Since robotic surgery is performed through small incisions, the time to full recovery is much shorter. Conventional cardiac surgery is performed through a sternotomy (or breast bone dividing) incision, which limits the patient’s activity for two to three months as they recover. With robotic surgery there is no broken bone to heal so most patients are fully recovered within one month. For most patients this translates into a faster return to work and other activities such as running, biking and golfing. The patient’s length of time in the hospital is also shorter, averaging three to four days as opposed to six or seven days with conventional cardiac surgery. 

For more information on other da Vinci® cardiothoracic procedures, click here.

Hybrid Surgery: Combining Robotic-assisted Coronary Bypass with Stenting of Other Coronary Arteries

For patients with three-vessel coronary artery disease who want a minimally invasive approach, a hybrid approach is available and is becoming more popular. This approach involves the cardiac surgeon and cardiologist working as a team to treat the patient’s coronary artery disease in the most minimally invasive way possible. The cardiac surgeon performs a robotic-assisted single-vessel coronary bypass and the cardiologist places a stent (a hollow mesh tube used to prop open a narrowed coronary vessel) to treat the disease in the other coronary arteries. St. Joseph’s hospital is one of the few centers in Upstate New York that offers this procedure.
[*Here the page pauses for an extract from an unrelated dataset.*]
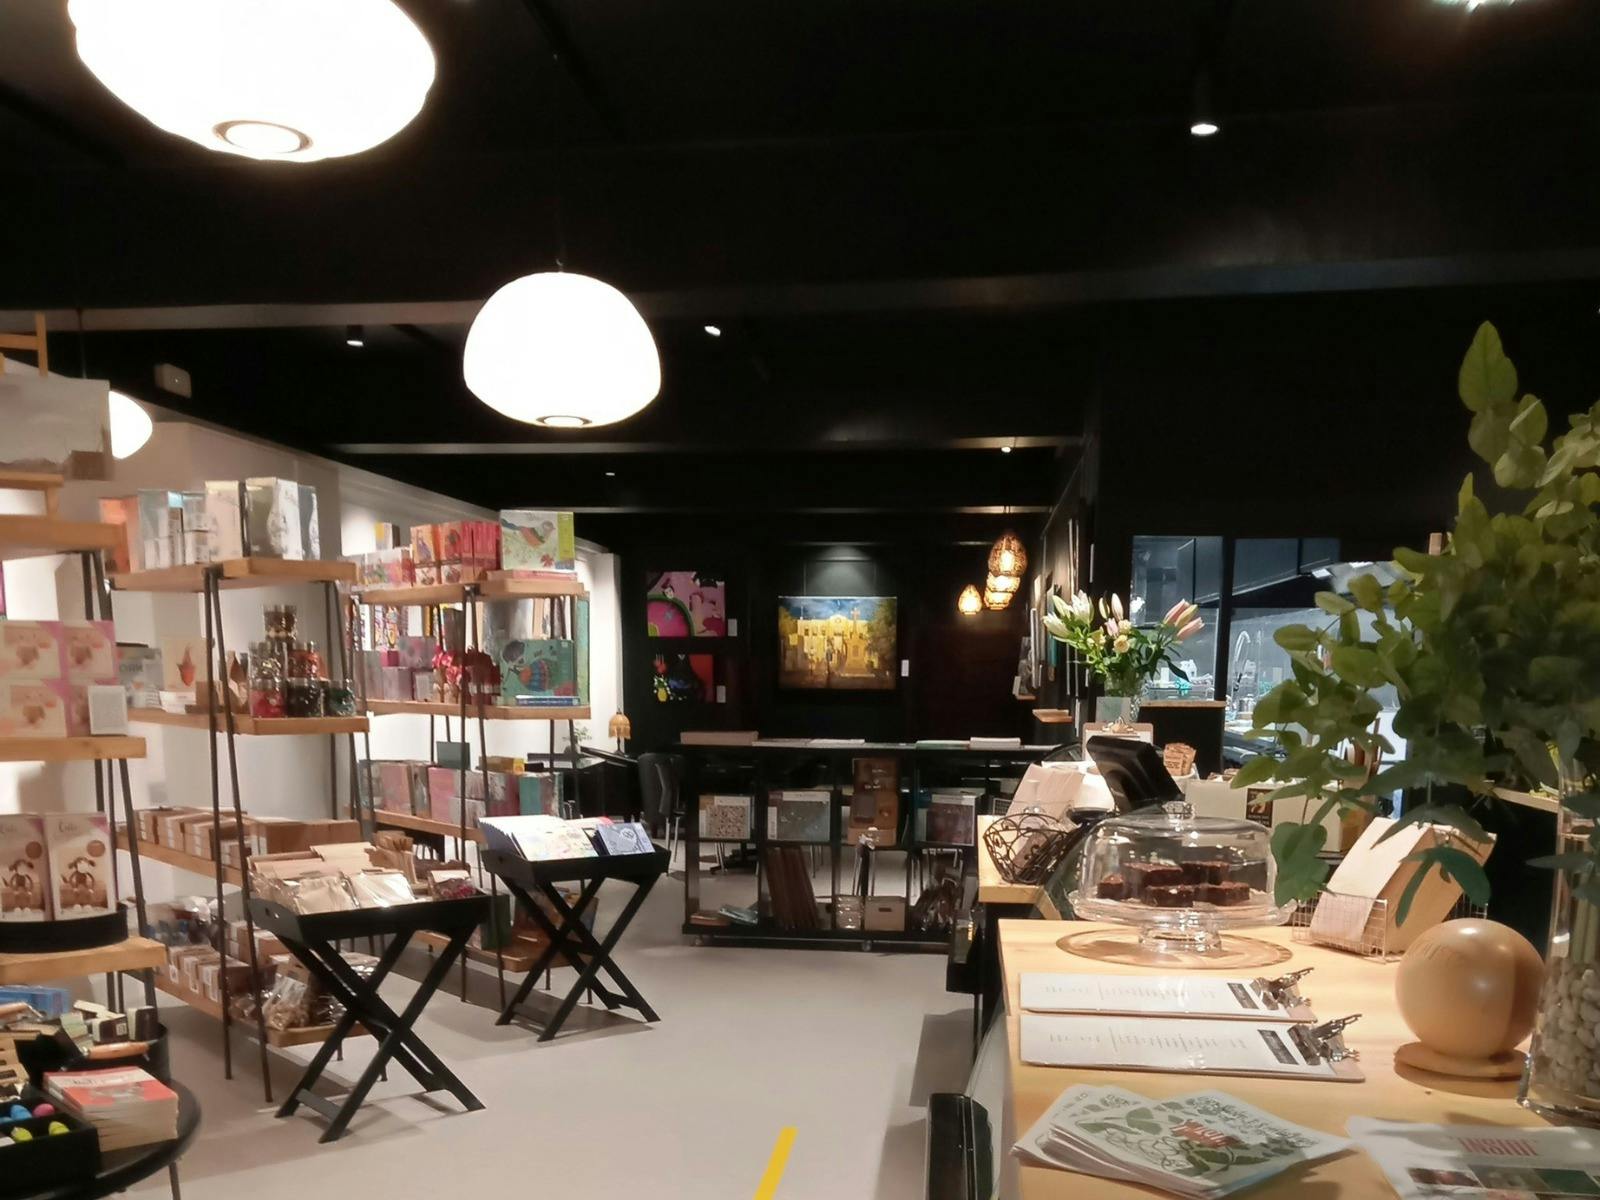 inside the artHouse you will find on the left shelves of creative products of many colours.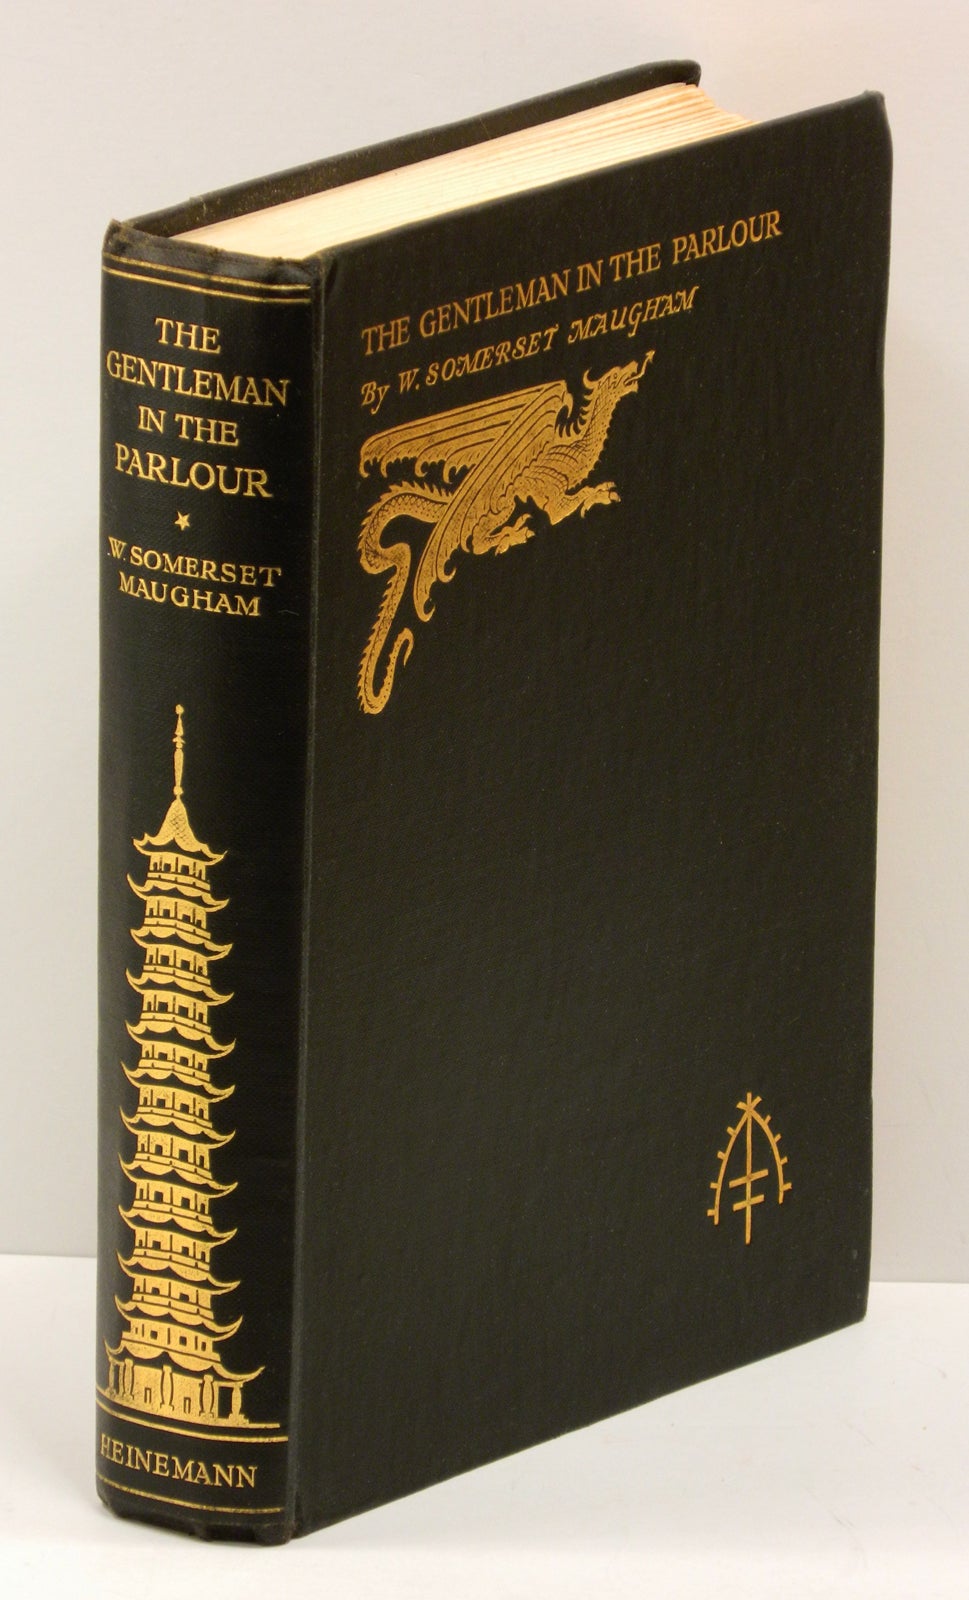 THE GENTLEMAN IN THE PARLOUR: A Record of a Journey from Rangoon to  Haiphong by W. Somerset Maugham on Quill & Brush, Inc

Endoscopic Saphenous Vein Harvest

Traditionally, the saphenous vein was dissected or harvested from the leg through a large open incision. The endoscopic approach is a minimally invasive approach in which surgeons use an endoscope (thin surgical tube with a light, camera, and instrument on the end) to dissect the vein carefully through a small incision below the knee. This approach has been used for many years at St. Joseph’s and is currently the industry standard for grafting (moving arteries or veins from one part of the body to another).

Aortic Valve Surgery

The aortic valve separates the left ventricle from the aorta (the largest artery in the body), has three thin leaflets,  and is the final valve blood flows through as it exits the heart. When diseased, the aortic valve can become either stenotic (tight) or insufficient (leak). Aortic valve disease can be either congenital (present at birth) or acquired (develops over time). The most common congenital problem is a bicuspid (two leaflet) aortic valve and the most common acquired problem is called calcific aortic stenosis. In the past rheumatic fever was a major cause of aortic valve disease, but is less common today.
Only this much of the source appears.